Mangez-le si vous voulez – Jean Teulé
Par Marion Andreoli • 30 octobre 2010 à 9:49Avec Mangez-le si vous voulez, Jean Teulé nous livre un roman succulent. Tiré d’une histoire vraie, l’écrivain narre avec talent un épisode des plus sombres de l’histoire française.
Méfiez-vous du titre, car dans Mangez-le si vous voulez il ne s’agit pas de cuisine, mais bien d’un carnage.
La recette : prenez un jeune homme apprécié de tous, conduisez-le dans une foire, arrosez le tout d’un climat tendu (chaleur étouffante, sécheresse) et vous obtiendrez une foule en délire qui s’adonne à une séance de cannibalisme sans précédent.
Le mardi 16 août 1870, Alain de Monéys, intelligent et sympathique Périgourdin, était loin de se douter qu’en se rendant à la foire du village voisin, il se dirigeait tout droit vers la mort.
L’horloge sonne les quatorze heures à Hautefaye. Au détour d’une conversation, un malentendu échauffe la foule. Ce quiproquo va s’avérer fatal pour le jeune Périgourdin. Le manque d’eau, les mauvaises récoltes, la guerre contre la Prusse, exaspèrent et il faut un responsable. La foule se déchaine, ne reconnaît plus en de Monéys le voisin, l’ami d’enfance, le collaborateur, mais seulement un Prussien. Un coupable imaginaire qui, comble de l’ironie, s’est engagé pour défendre les couleurs de la France sur le front, et que l’on va torturer, lyncher, brûler vif puis manger.

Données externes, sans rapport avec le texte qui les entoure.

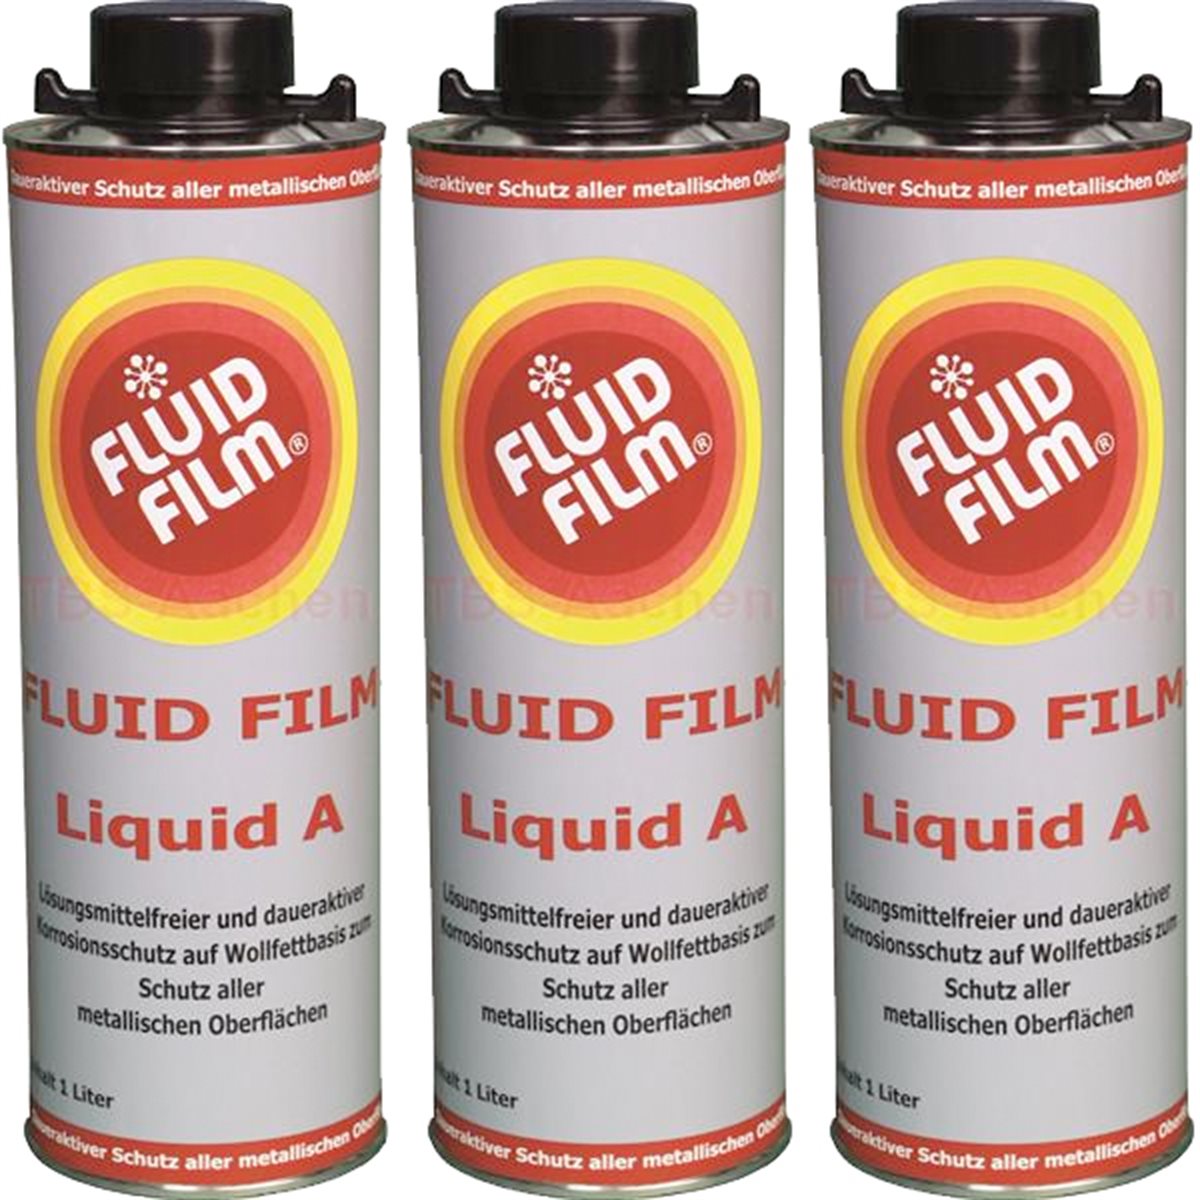 fluid film advance auto parts

Bien que certains détails nous fassent tourner de l’œil, la plume habile de Jean Teulé a un effet addictif qui nous pousse à aller jusqu’au bout de notre lecture. Une fois commencé, vous risquez de ne plus pouvoir lâcher ce roman tellement l’histoire est prenante. À chaque page, on souffre avec de Monéys, espérant que la foule reprenne ses esprits, mais en vain, la réalité dépassera bien la fiction.

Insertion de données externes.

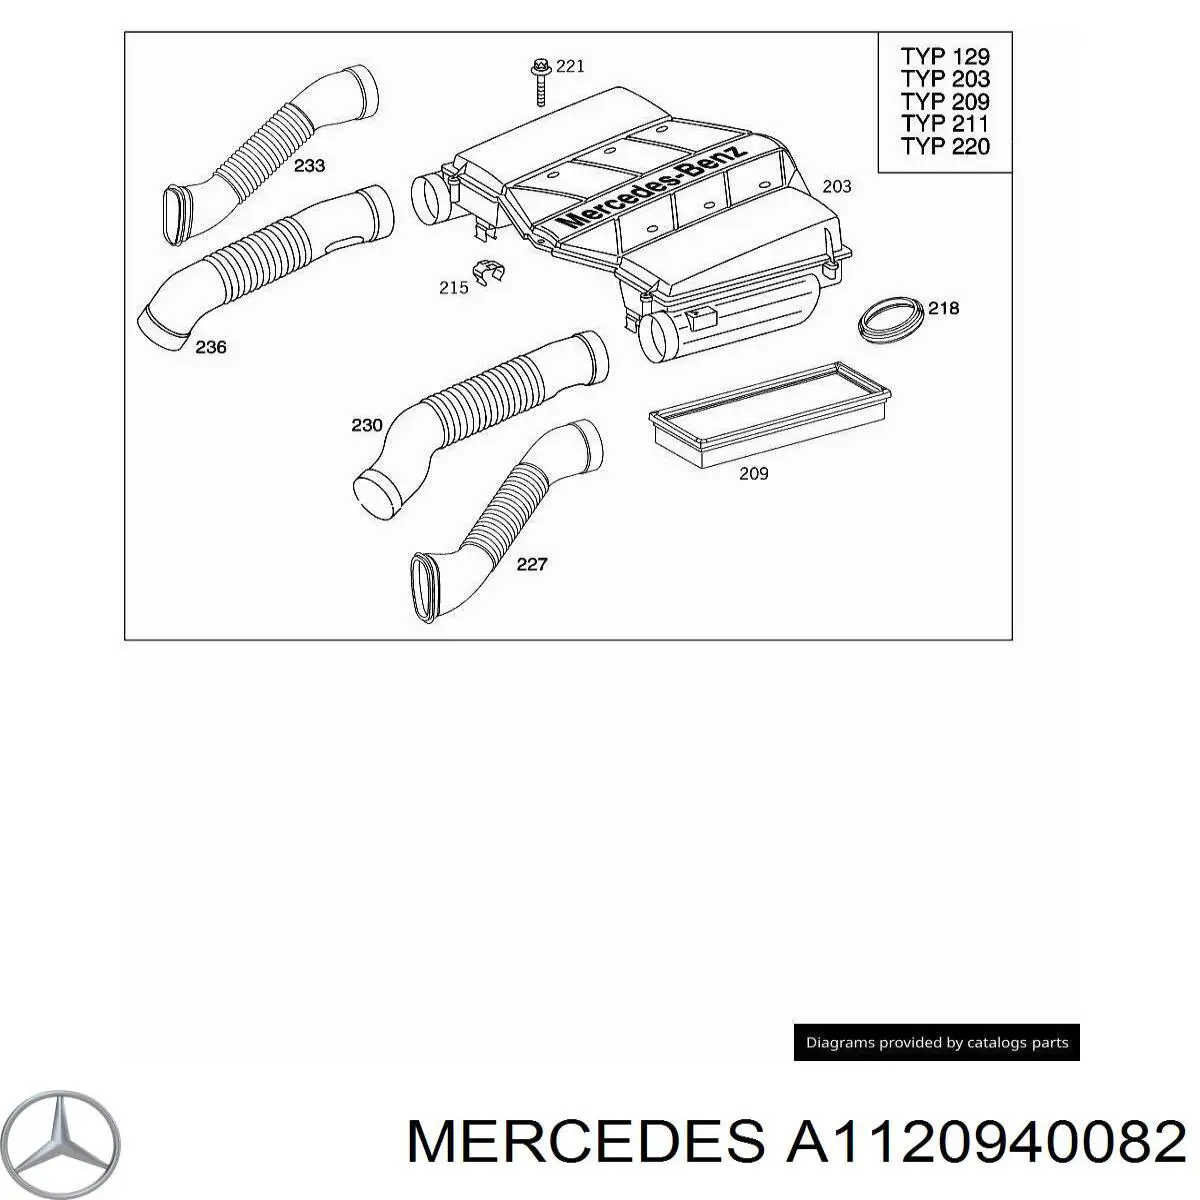 A1120940082 Mercedes воздухозаборник воздушного фильтра

Là encore, une simple phrase est à l’origine d’un acte sordide. Le maire d’Hautefaye, dépassé par les événements et excédé de voir tant de vacarmes dans son village, ordonne à la foule déchainée de déplacer le corps et d’en faire ce qu’ils en veulent. Il finit par lâcher ces paroles : « Mangez-le si vous voulez. » Cet instant fatidique ne fait qu’accroitre le côté absurde de cet événement. Comment ce vaudeville sanglant a-t-il pu exister? On n’ose y penser.

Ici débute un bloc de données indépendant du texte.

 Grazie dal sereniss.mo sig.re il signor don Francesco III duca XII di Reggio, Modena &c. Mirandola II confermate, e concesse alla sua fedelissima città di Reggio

L’humour noir de Jean Teulé arrive à dédramatiser cette histoire horrible et nous déculpabilise de notre complaisance dans l’abjection.
Avec le talent qu’on lui connaît, Jean Teulé traite d’un sujet sérieux sur un ton quasi humoristique. Au beau milieu d’une scène de torture, il fait dire à de Monéys : « Il faudrait dire à ma mère que je rentrerai plus tard que prévu… » Nous ne pouvons que sourire et mettre de côté notre bienséance face à l’infâme.
Pour nous ancrer dans l’univers du récit, chaque chapitre s’accompagne d’un plan du parcours. Nous suivons ainsi pas à pas le chemin de croix d’Alain de Monéys. Le scénario se déroule devant nos yeux et a pour effet de rendre l’histoire encore plus vraisemblable qu’elle ne l’est.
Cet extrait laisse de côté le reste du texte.